Friday, August 15, 2008
Renault Distribution Center
High-technology (usually contracted to “high-tech”) architecture was a movement born in the 1960s and sustained through the 1980s. It sought to express zeitgeist—the spirit of the age—defined by its followers as resting in the technological advances of industry, communications, and travel, including aerospace developments. These advances offered an alternative building approach. “High-tech” architects produced machinelike structures of flexible plan, applying lightweight materials such as sheet metal, glass, and plastic to innovative structural techniques; they employed easily assembled, sometimes mass-produced, building components. Usually, the structure was made explicit (often reinforced by colorful paintwork). Sometimes the services were exposed. Constructed between 1980 and 1983, the Renault Distribution Center at Swindon, about 100 miles (160 kilometers) southwest of London, was and continues to be regarded as the archetypal high-tech building.
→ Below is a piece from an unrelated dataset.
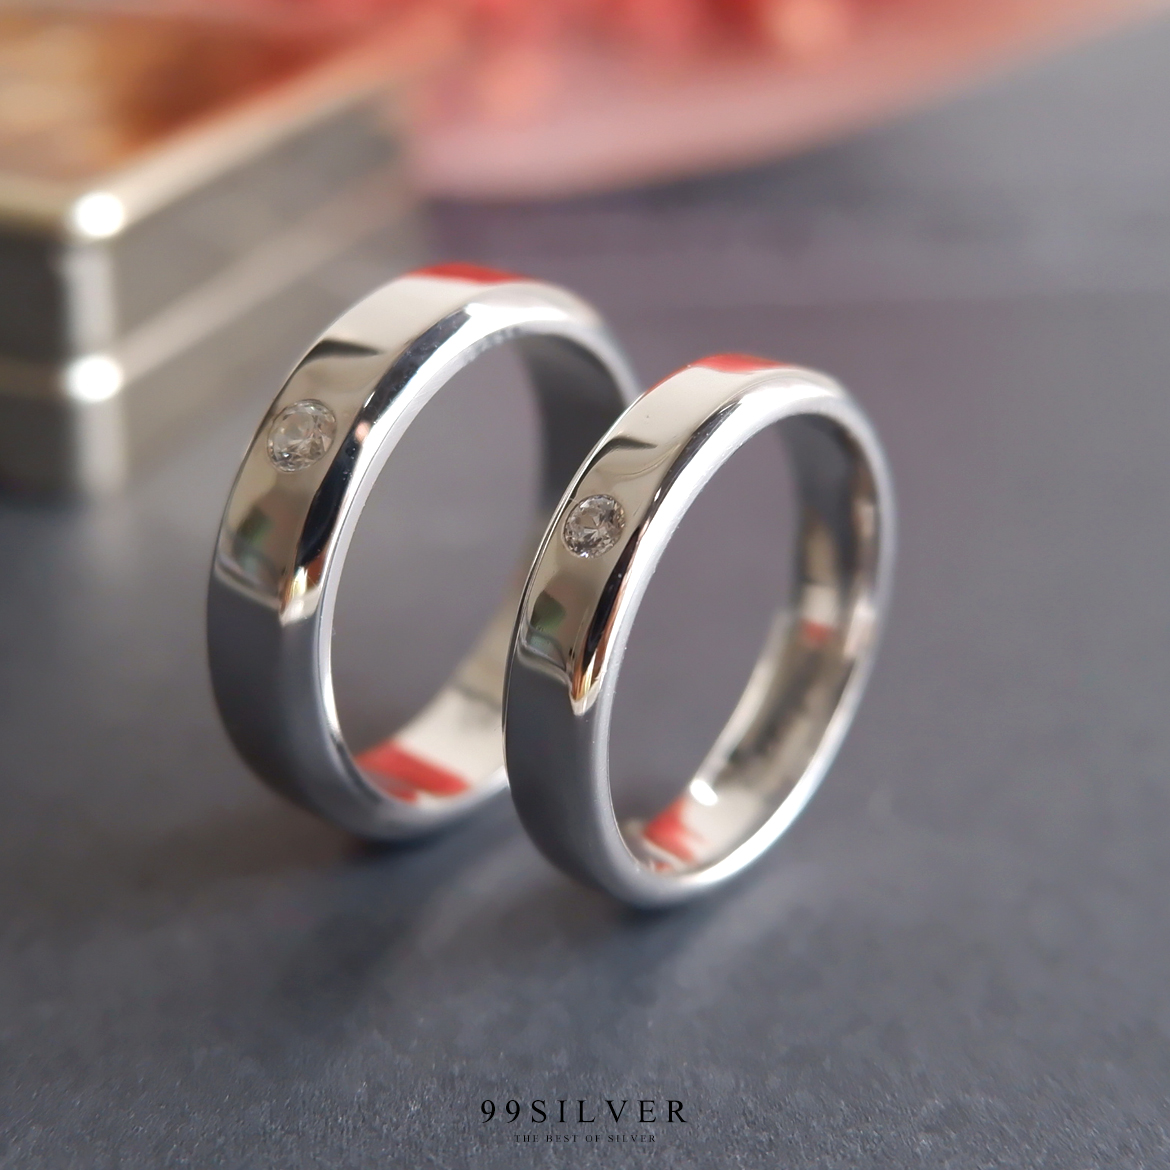 แหวนคู่รักลดขอบฝังเพชรวงละ 1 เม็ด หน้าแหวน 4 และ 6 มิลลิเมตร

The brief called for a building that established a progressive corporate identity and stood out from the featureless industrial shed typical of the area. It was to suit multiple functions, be quickly constructed, and capable of later extension. Architect Norman Foster of Foster Associates, together with the engineering firm of Ove Arup and Partners, responded with a design for a visually arresting, structurally self-explicit building that dominated what has been described as an otherwise bleak landscape.
Foster was born in 1935 in Manchester, England. He trained as an architect and town planner at the University of Manchester (1956–1961) before undertaking a master’s degree in architecture at Yale University (1961–1962). Soon after, following a brief period with Richard Buckminster Fuller, he returned to England to set up practice with his wife Wendy and Richard and-Su Rogers. They worked as Team 4 between 1964 and 1967 until the partnership was superseded by Foster Associates, now Foster and Partners. In the late 1960s Foster and Richard Rogers made a significant architectural statement at Swindon with the Reliance Controls Factory (1967), one of the last Team 4 projects. Its elegance, use of off-the-shelf components, exposed steel structural bracing, metal cladding, wall-high glazing, flexible plan, and focus on improved employee working conditions all challenged the conventional wisdom about industrial buildings. Reliance Controls was an early example of high tech.
Almost two decades later the Swindon landscape was again confronted—this time by the unconventional form of the Renault Center. Brilliant yellow (Renault’s corporate color) cable-stayed tubular steel masts supported a reinforced polyvinyl chloride (PVC) membrane roof that covered spaces for spare parts warehousing, visitor reception, distribution and regional offices, vehicle showroom, after-sales maintenance training, and staff dining. Its expressive, detailed outline and functional, worker-friendly spatial arrangements were characteristically Fosteresque, balancing the high-tech approach with client and social needs. In its marketing literature, Renault enthusiastically reproduced images of its marqueelike center, regarding it as the quintessence of its corporate image.
When presented with plans for the sloping 16-acre (6.5-hectare) site, the local authority consented enthusiastically to the unexpected design and to the proposed 67 percent land coverage (the usual limit was 50 percent). The prefabricated rectangular building was formed as a series of suspended modules—forty-two in total—comprising 52-foot-high (16-meter) masts, connected to pin-jointed portal frames. Each module measured 91 feet (24 meters) square and was 25 feet (7.5 meters) high at the edge and 31 feet (9.5 meters) in the center. As extensions were required, modules could be unbolted and new ones added. Initially, thirty-six modules were devoted to warehousing, the rest located at the narrower end of the site where the building tapered to a generous entry and porte cochere.
The fully exposed, repetitive mast arrangement flowed graciously beyond the external walls, glazed for showroom and dining but sealed elsewhere with steel skins. Ample natural lighting was achieved by clear glass panels inserted where the mast pierced the roof membrane and by a louvered roof light at the apex of each module; the louvers could be opened for ventilation. The building was centrally heated and lit according to the function of the space. Foster Associates designed the furniture.
The Renault Distribution Center has been described as ushering in the firm’s Hong Kong and Shanghai Bank headquarters (1979–1986) in Hong Kong, also noted for its extrinsic structural expression. However, unlike the sprawling Renault building, the bank headquarters is a soaring triple-layered tower (the tallest forty-one stories) with immense tubular steel trusses from which the floors are suspended. Many consider tins Foster’s magnum opus.